Directions for this task:
Output all of the data exactly as it appears, but leave out any pictures it contains.

*** Provided material

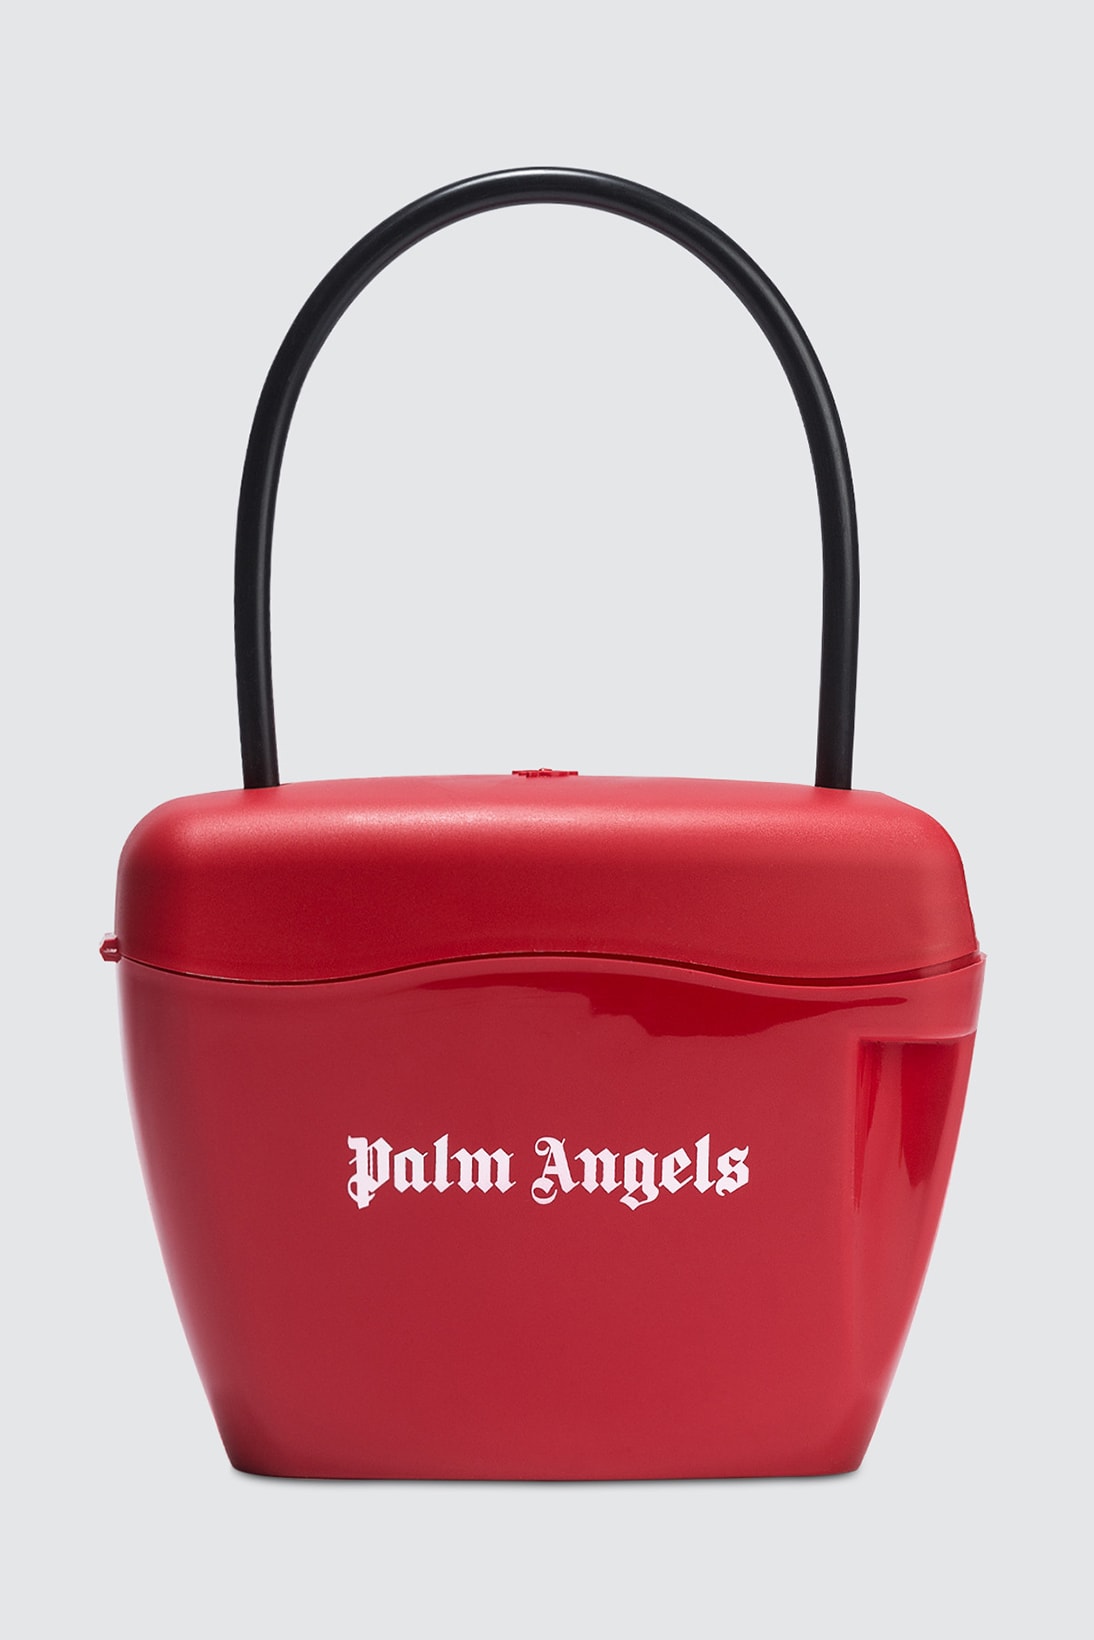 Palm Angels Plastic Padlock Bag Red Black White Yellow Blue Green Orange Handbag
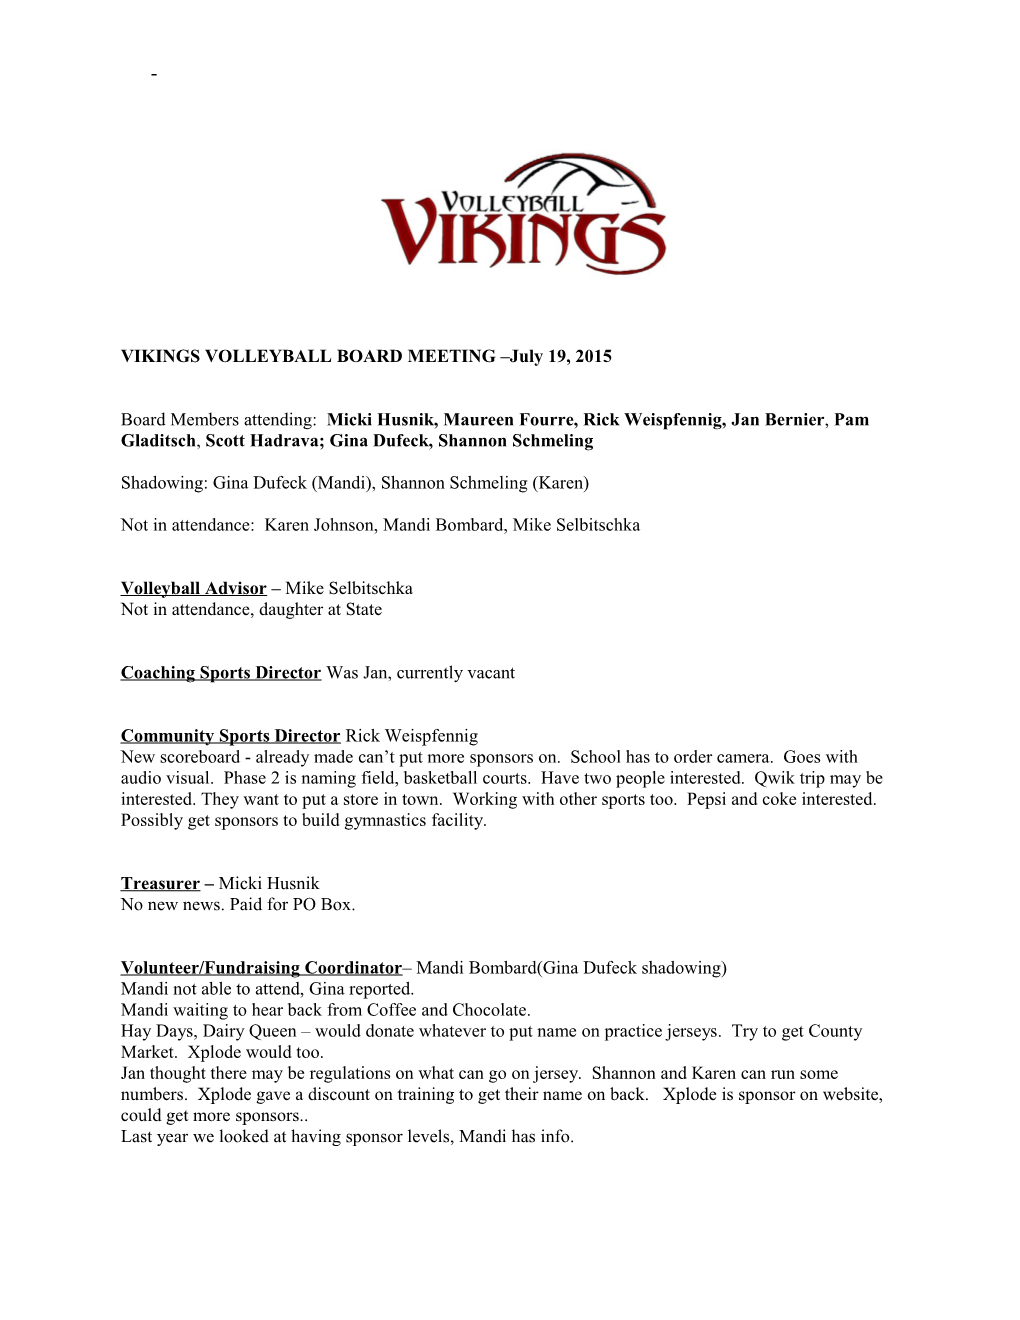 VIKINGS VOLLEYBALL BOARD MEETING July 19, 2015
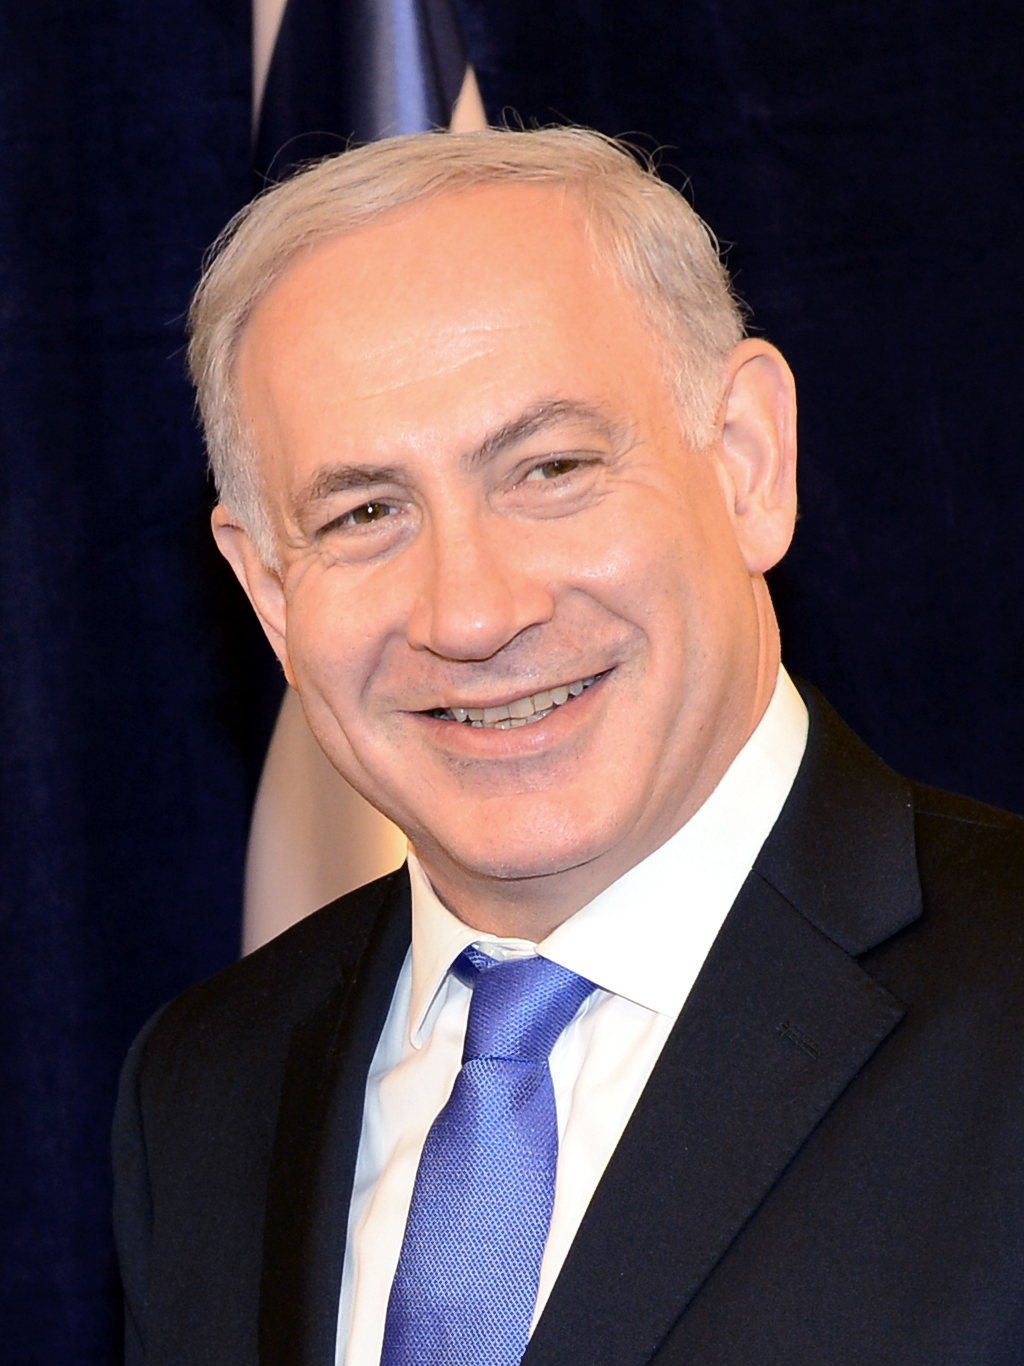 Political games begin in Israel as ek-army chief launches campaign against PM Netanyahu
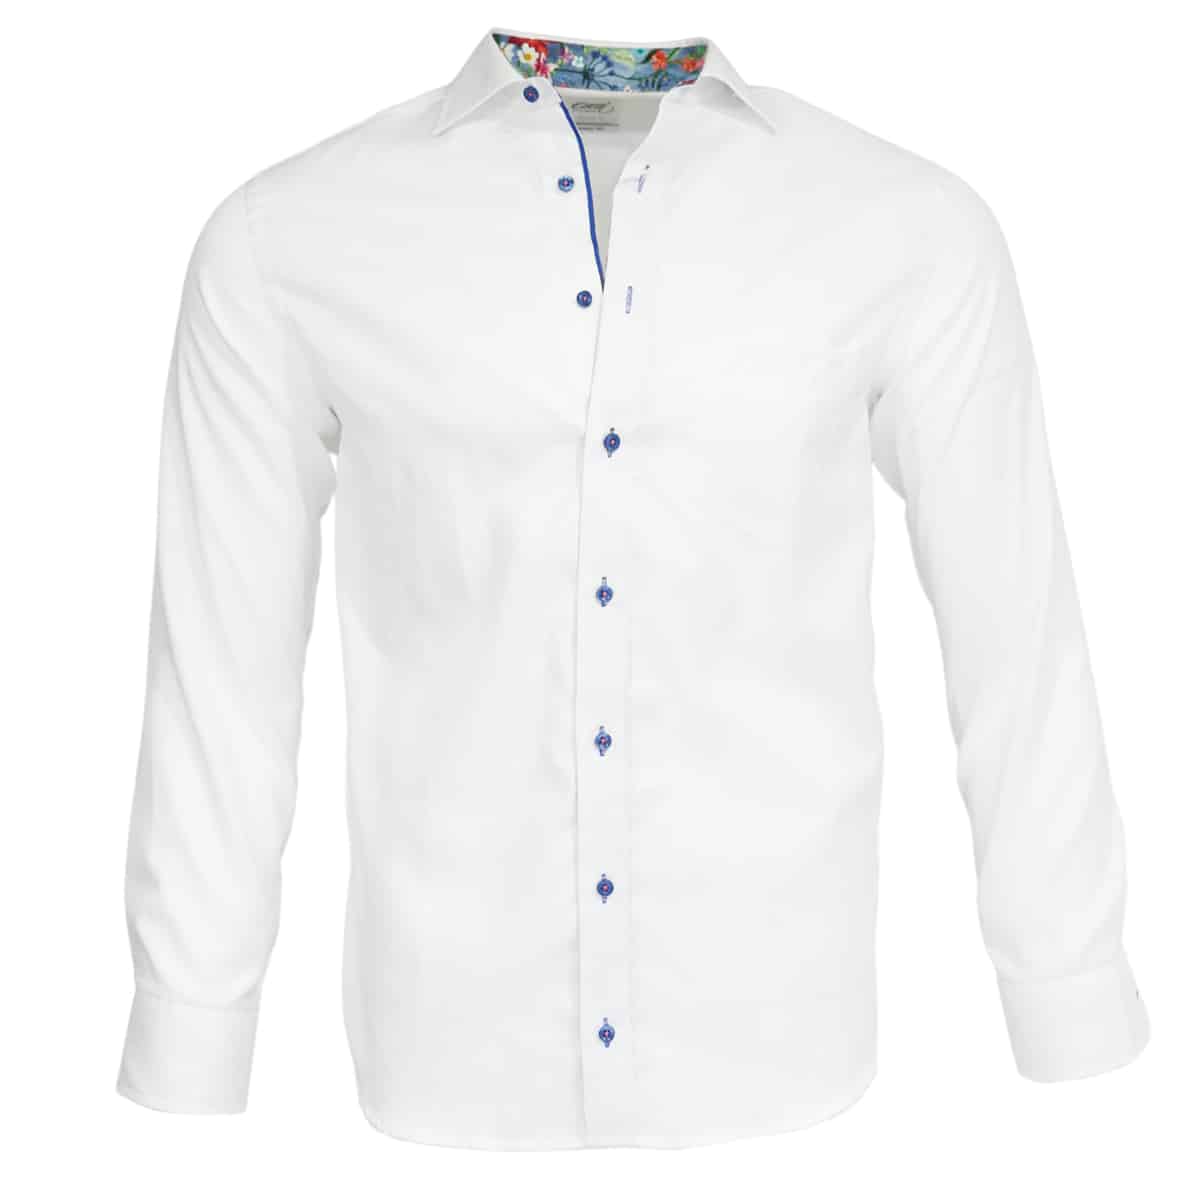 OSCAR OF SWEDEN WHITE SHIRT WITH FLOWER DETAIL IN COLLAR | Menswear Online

******

Final answer:
 Palm Angels Plastic Padlock Bag Red Black White Yellow Blue Green Orange Handbag
 VIKINGS VOLLEYBALL BOARD MEETING July 19, 2015
 Political games begin in Israel as ek-army chief launches campaign against PM Netanyahu
 OSCAR OF SWEDEN WHITE SHIRT WITH FLOWER DETAIL IN COLLAR | Menswear Online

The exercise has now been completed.